Leetcode: 2167. Minimum Time to Remove All Cars Containing Illegal Goods
Problem Statement
- Mistake: Careless coding. Came up with the way to count but didn't stop to verify if they were covering all cases.
- Blackbox: You solved a similar problem where you had to compute \(dp[i]\) using only the next \(j\) that satisfy some condition.
- Pattern: Find optimal partition of array. Find \(i\) where \(s[0..i-1]\) will require \(i\) operations plus the best of spending \(N-i\) operation to clear the left side or \(2+best(i+1)\).

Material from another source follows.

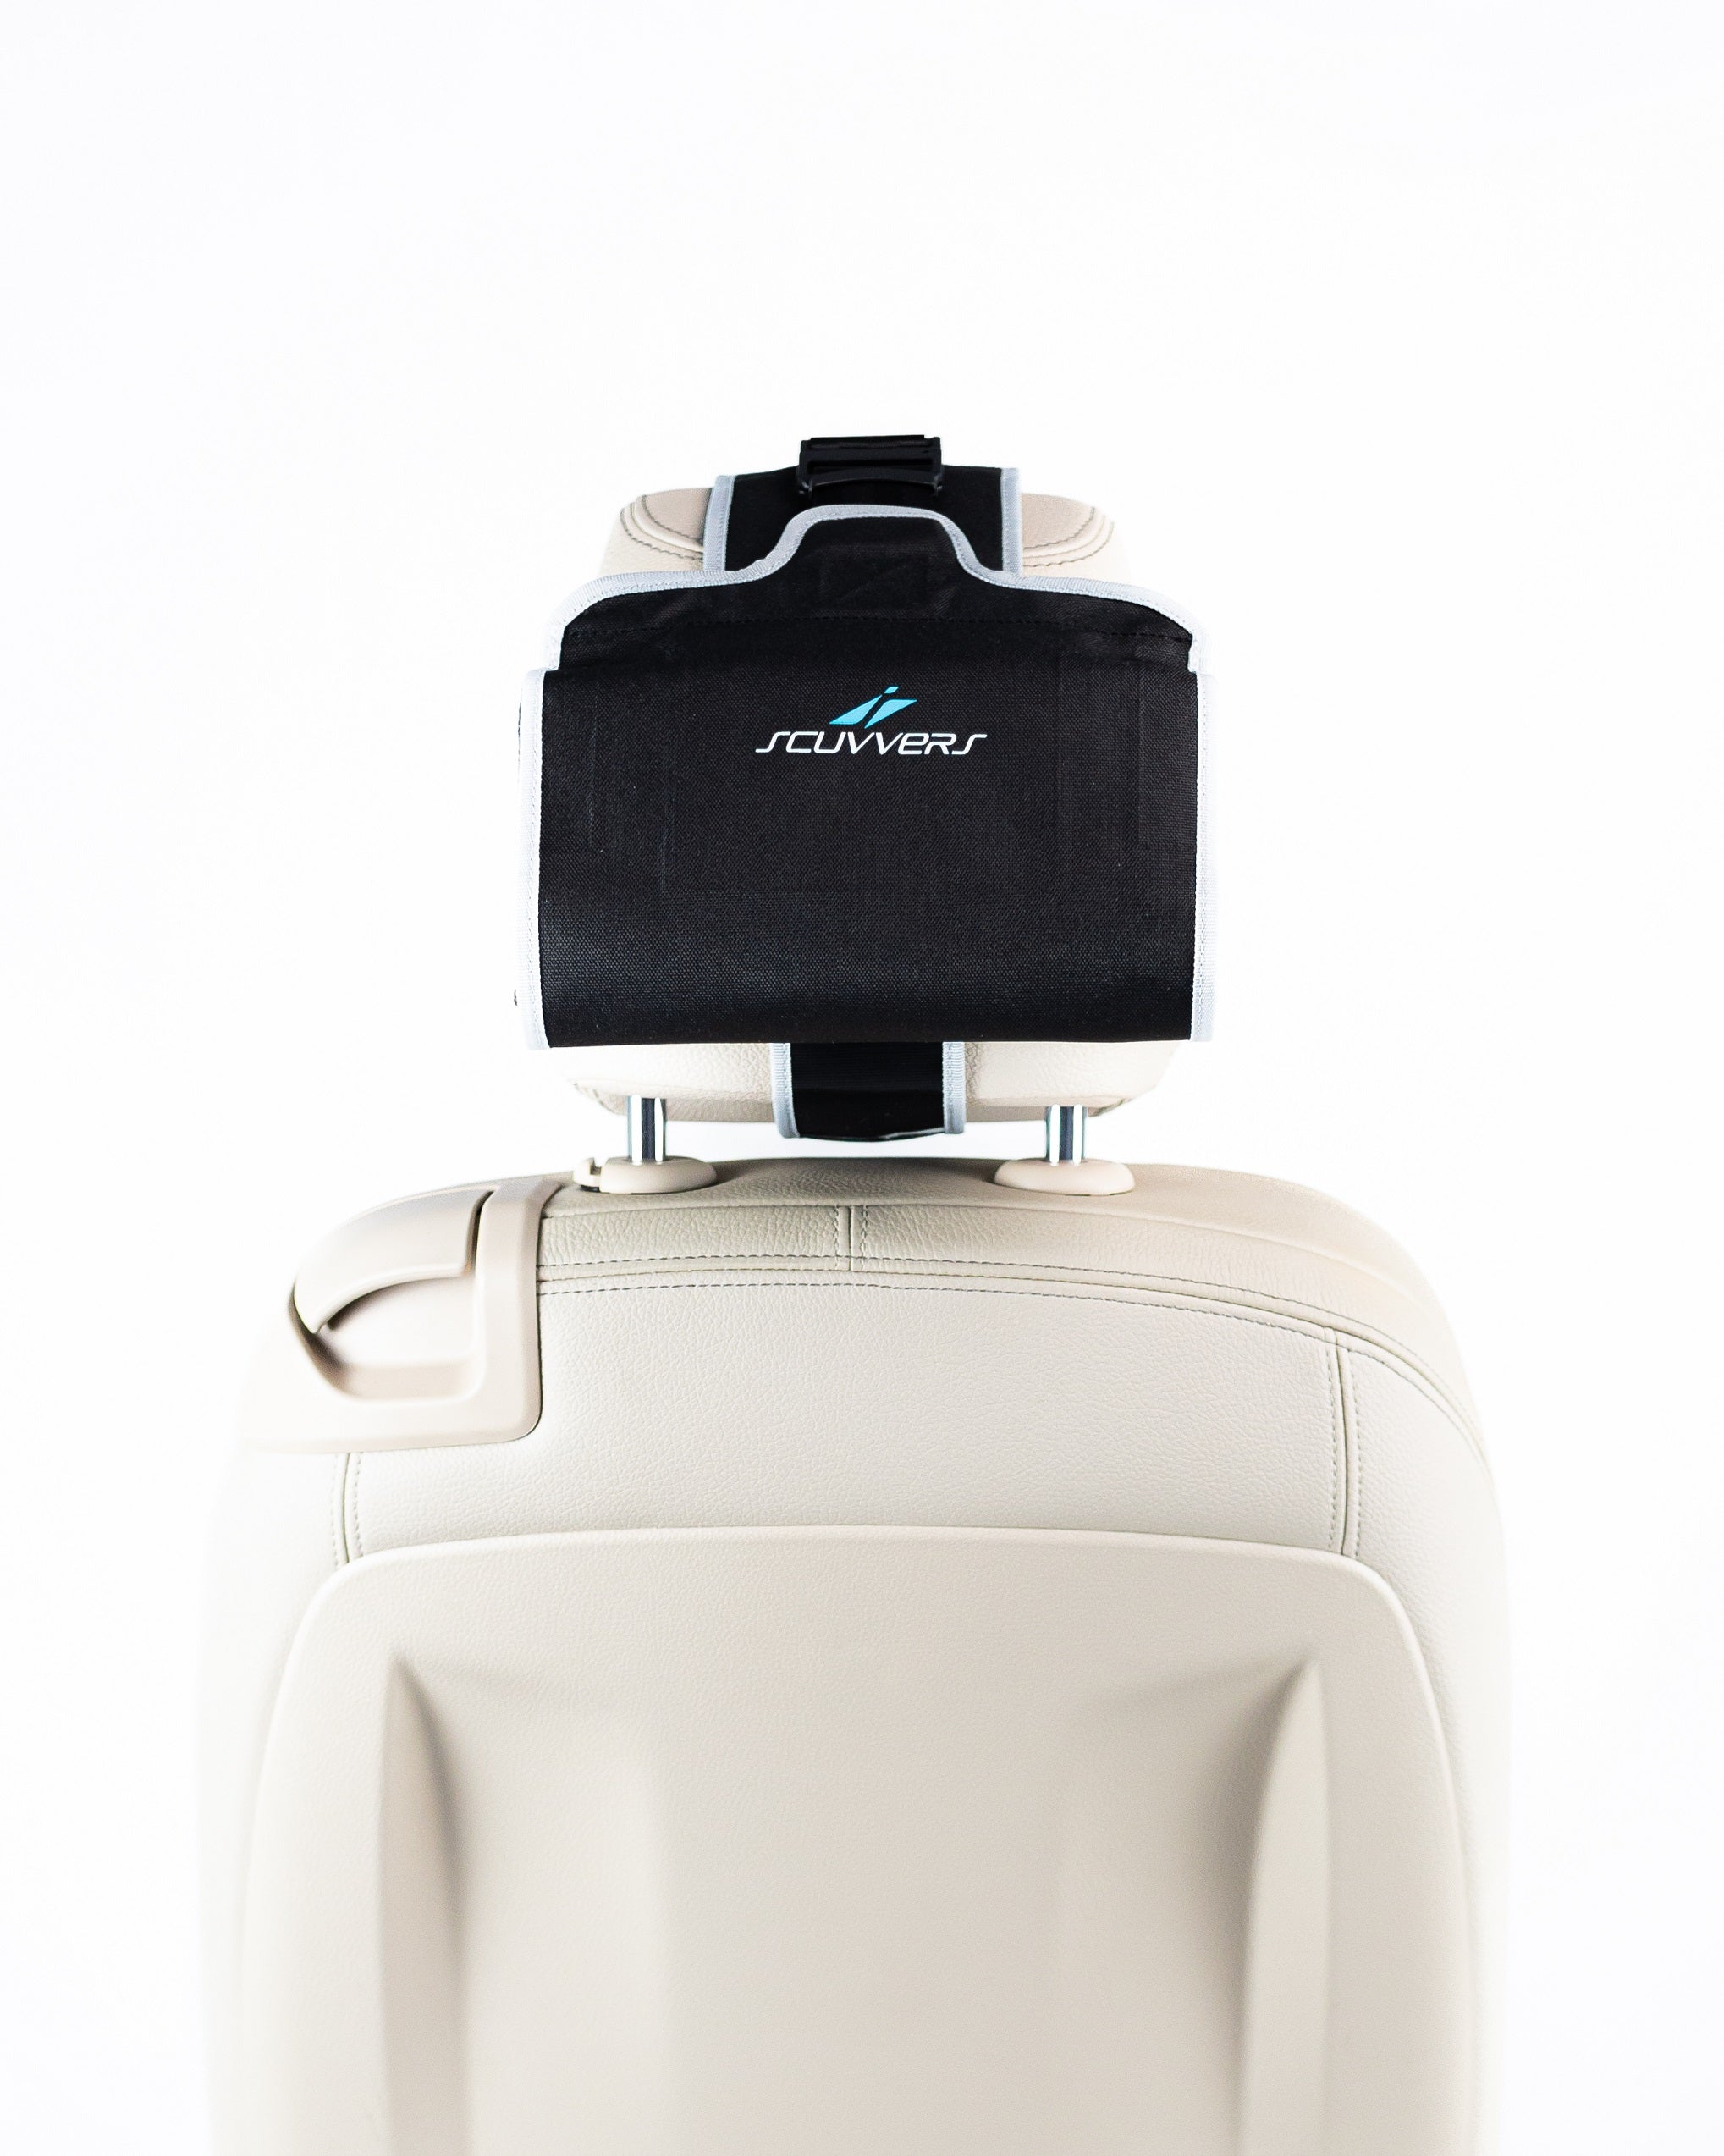 Scuvvers - Stowable car seat protectors. by Scuvvers — Kickstarter

- How can we extend the solution for \(i\) to \(i+1\)? The answer will have an interval \((i, j)\) (could be empty) where we will pay \(2\) to remove the cars. Therefore, it score is \(i-1+ones(i,j)+n-j\). We can't iterate over all intervals, but can compute the same score if we have \(f(i)\) as the minimum score to remove cars from \(i\) to \(n-1\). Now the problem is \(min(i + f(i))\) for \(0 \leq i < n\). Time complexity is \(O(n)\) with \(O(1)\) space.
class Solution:
def minimumTime(self, s: str) -> int:
N = len(s)
best = 0
ans = float("inf")
j = N - 1
for i in range(N - 1, -1, -1):
if i == j:
j -= 1
while j >= 0 and s[j] == "0":
j -= 1
best = min(N - i, 2 + best if s[i] == "1" else best)
ans = min(ans, j + 1 + best)
return ans
assert Solution().minimumTime("1100101") == 5
assert Solution().minimumTime("0010") == 2